## WHAT NEEDS TO BE DONE
Each line from the one holding "orasul chisinau, doi" to the last line of the listing must be set down exactly. No pictures are to be included.

## PROVIDED DATA
**********

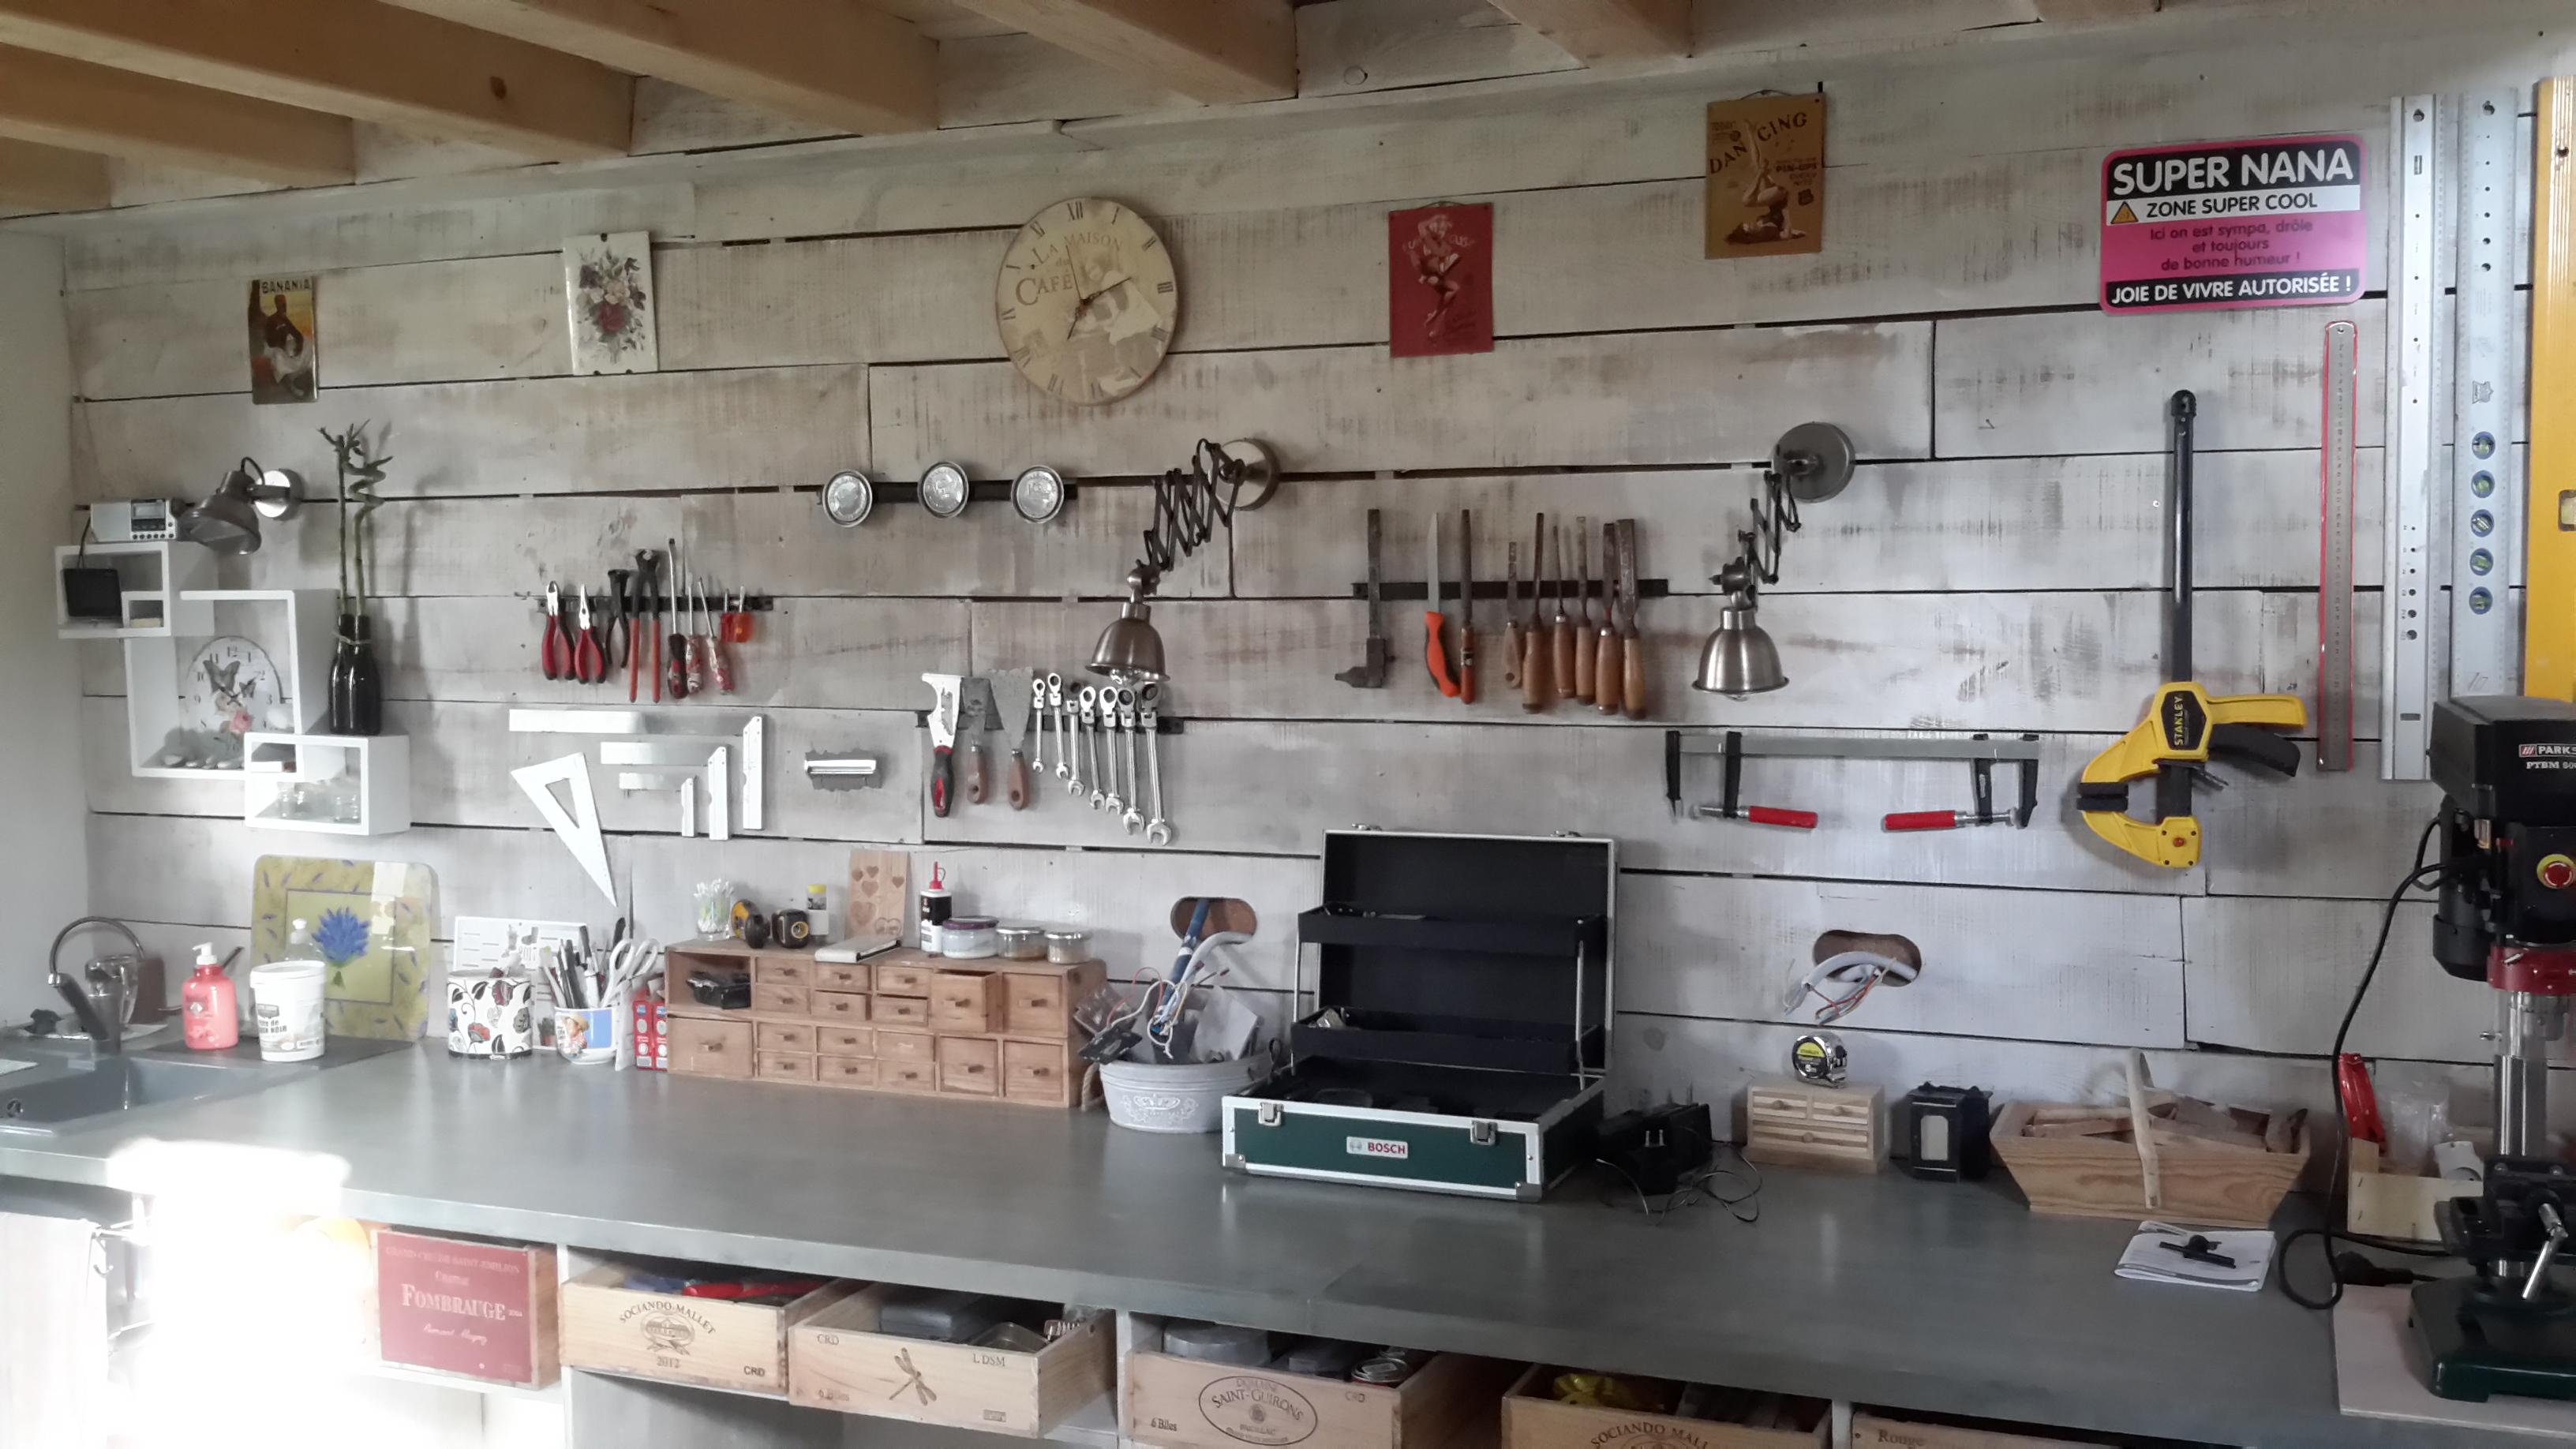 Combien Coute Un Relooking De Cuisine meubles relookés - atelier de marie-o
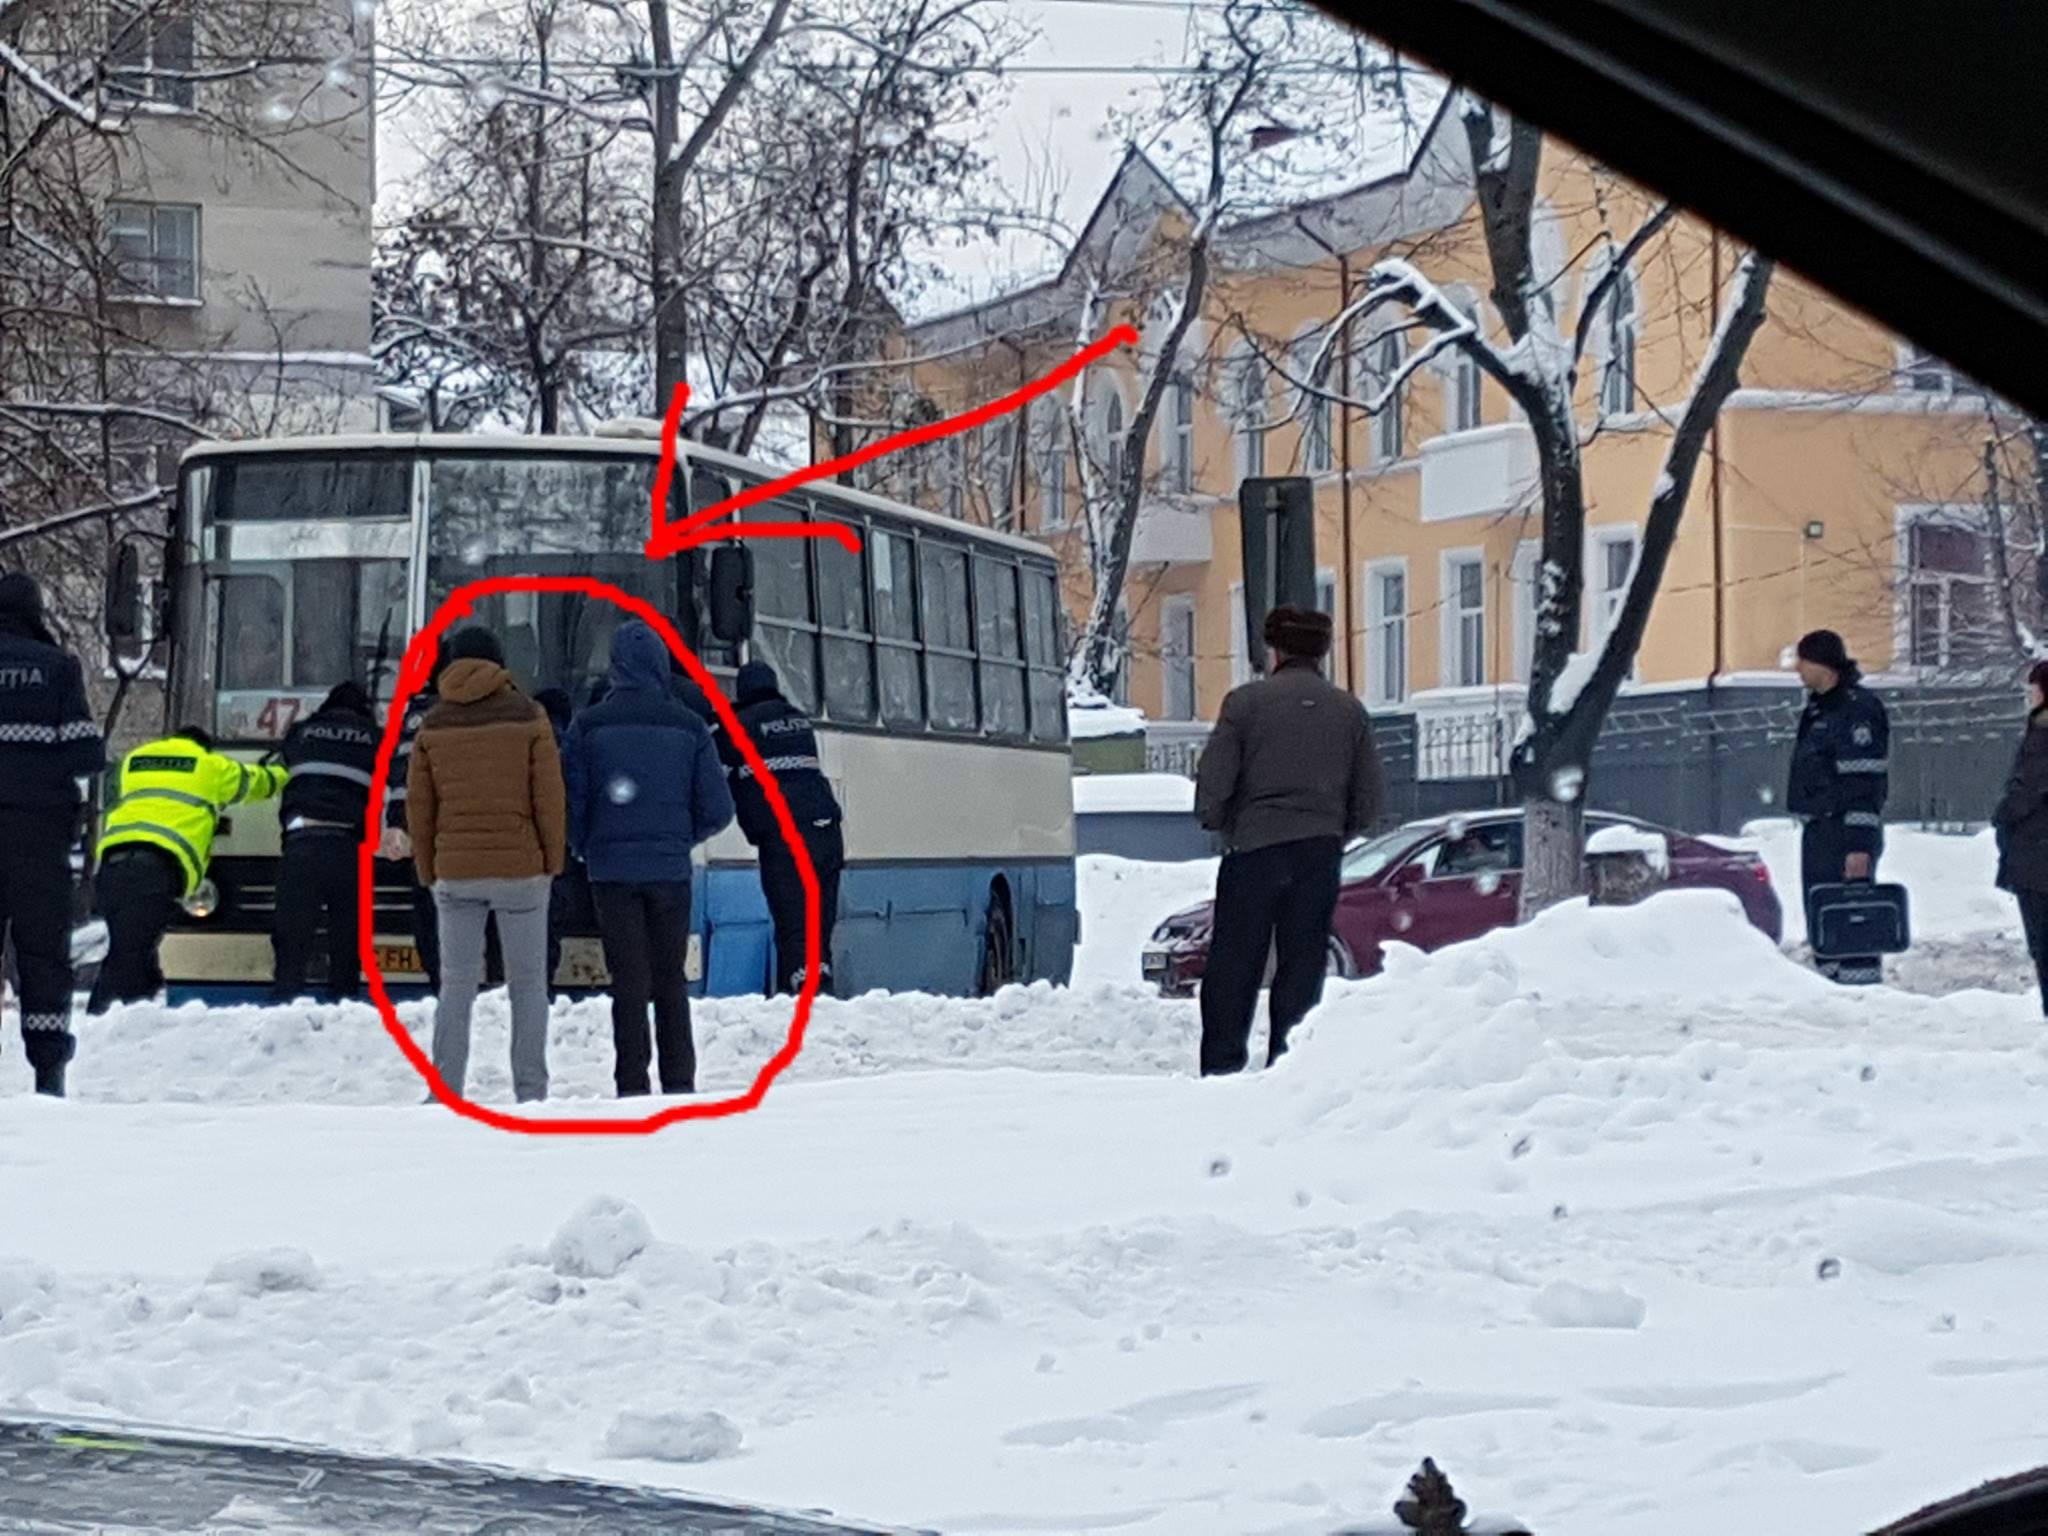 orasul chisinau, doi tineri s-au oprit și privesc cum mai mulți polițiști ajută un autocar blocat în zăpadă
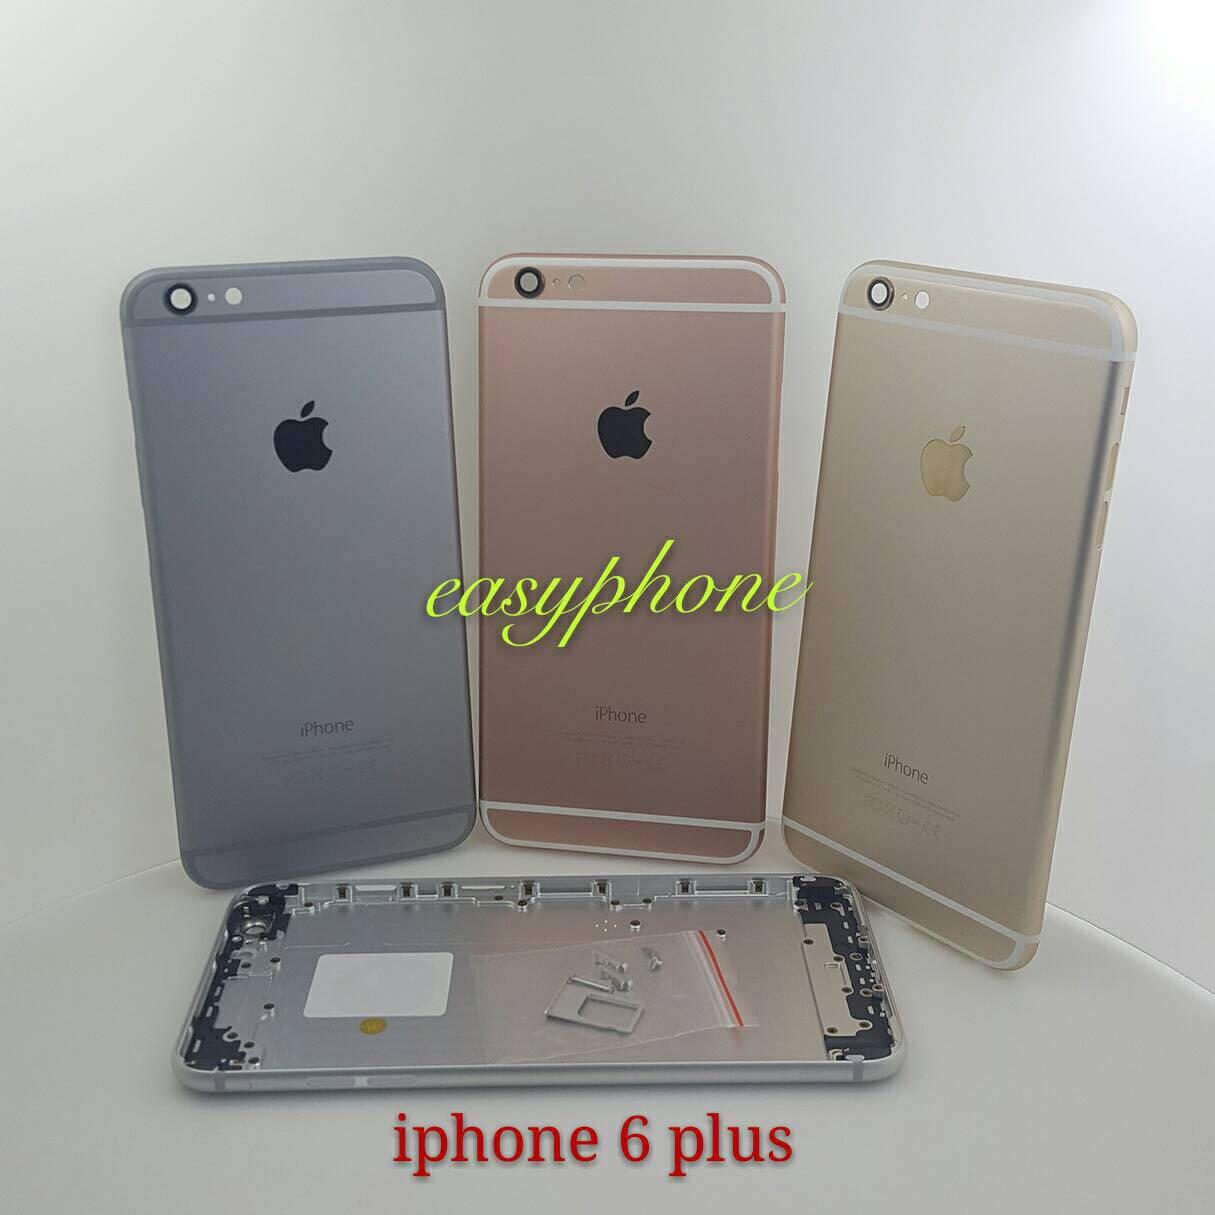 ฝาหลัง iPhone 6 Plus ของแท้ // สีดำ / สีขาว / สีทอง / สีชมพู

**********

## WRITTEN SOLUTION
 orasul chisinau, doi tineri s-au oprit și privesc cum mai mulți polițiști ajută un autocar blocat în zăpadă
 ฝาหลัง iPhone 6 Plus ของแท้ // สีดำ / สีขาว / สีทอง / สีชมพู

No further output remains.